Tonsillitis is infection that causes inflammation (swelling and redness) of the tonsils. Tonsils are clumps of tissue, one on each side of the throat, that trap bacteria and viruses.
Tonsillitis is very common in children 6 to 12 years old. Most children recover quickly. The disease usually lasts 4 to 6 days. Tonsillitis is contagious and spreads by direct contact with infected secretions, such as saliva, mucus, and tears.
The cause is often a virus, but bacteria can also cause tonsillitis. Tonsillitis caused by bacteria is called strep throat when it is caused by Streptococcus bacteria.
Symptoms include a sore throat, pain and trouble swallowing, drooling, fever, earache, tender swollen glands in the neck, and tonsils that look swollen and red. Tonsils may have a yellow or thin white coating or small white patches. Some children have a hard time breathing because of very large tonsils.
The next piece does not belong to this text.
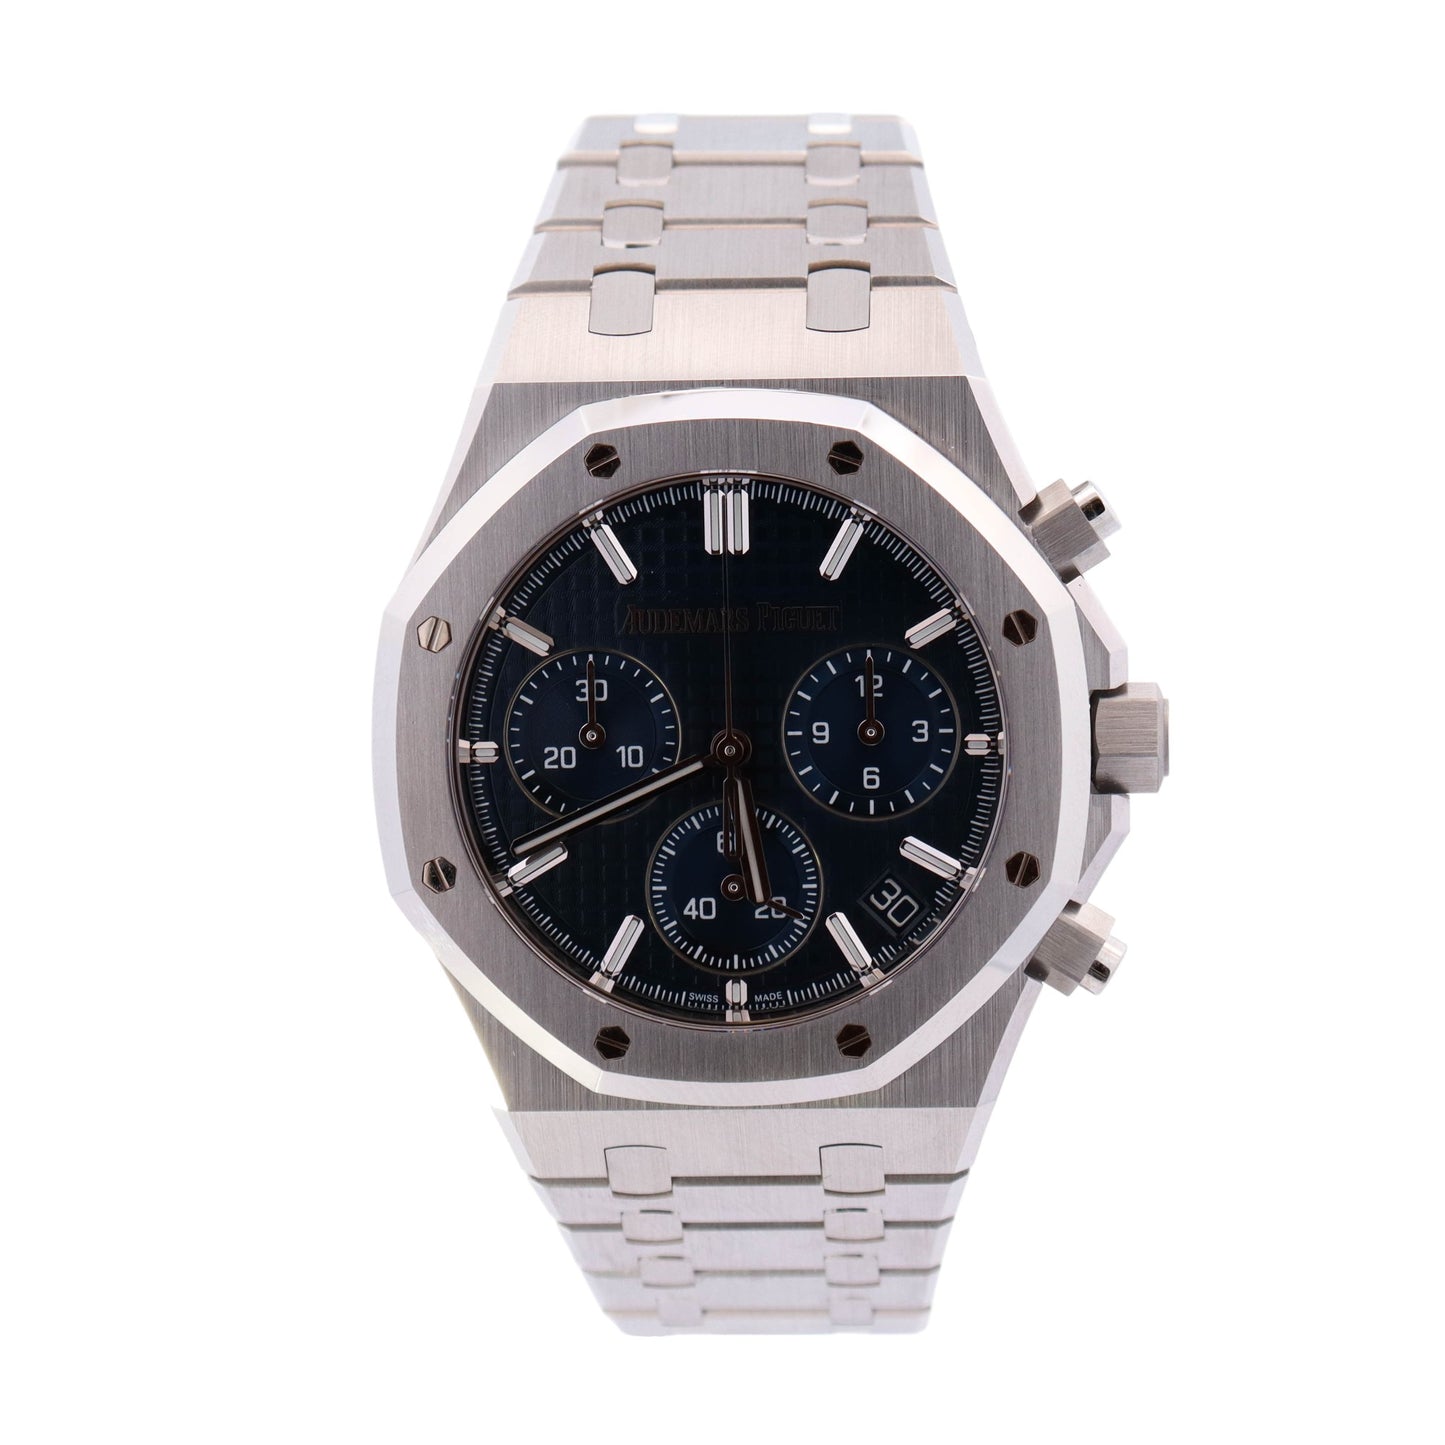 Audemars Piguet Royal Oak Stainless Steel 41mm Blue Chronograph Dial Watch Reference# 26240ST.OO.1320ST.05 - Happy Jewelers Fine Jewelry Lifetime Warranty

The health care provider will diagnose tonsillitis by examining the throat. The health care provider may use a swab to get a sample from the throat to test for strep bacteria. The health care provider may also do blood tests if other infections such as mononucleosis are suspected.
Rest and good fluid intake are the best treatment. If bacteria are the cause, the health care provider will prescribe antibiotics. Acetaminophen or ibuprofen can be used for pain and fever. Gargling with a saltwater solution or other soothing liquid may help pain and irritation. A cool mist vaporizer may also help the cough and irritation.
For some children, the health care provider may suggest removing the tonsils (tonsillectomy). This surgery is usually done for frequent or long-lasting tonsillitis that causes breathing problems.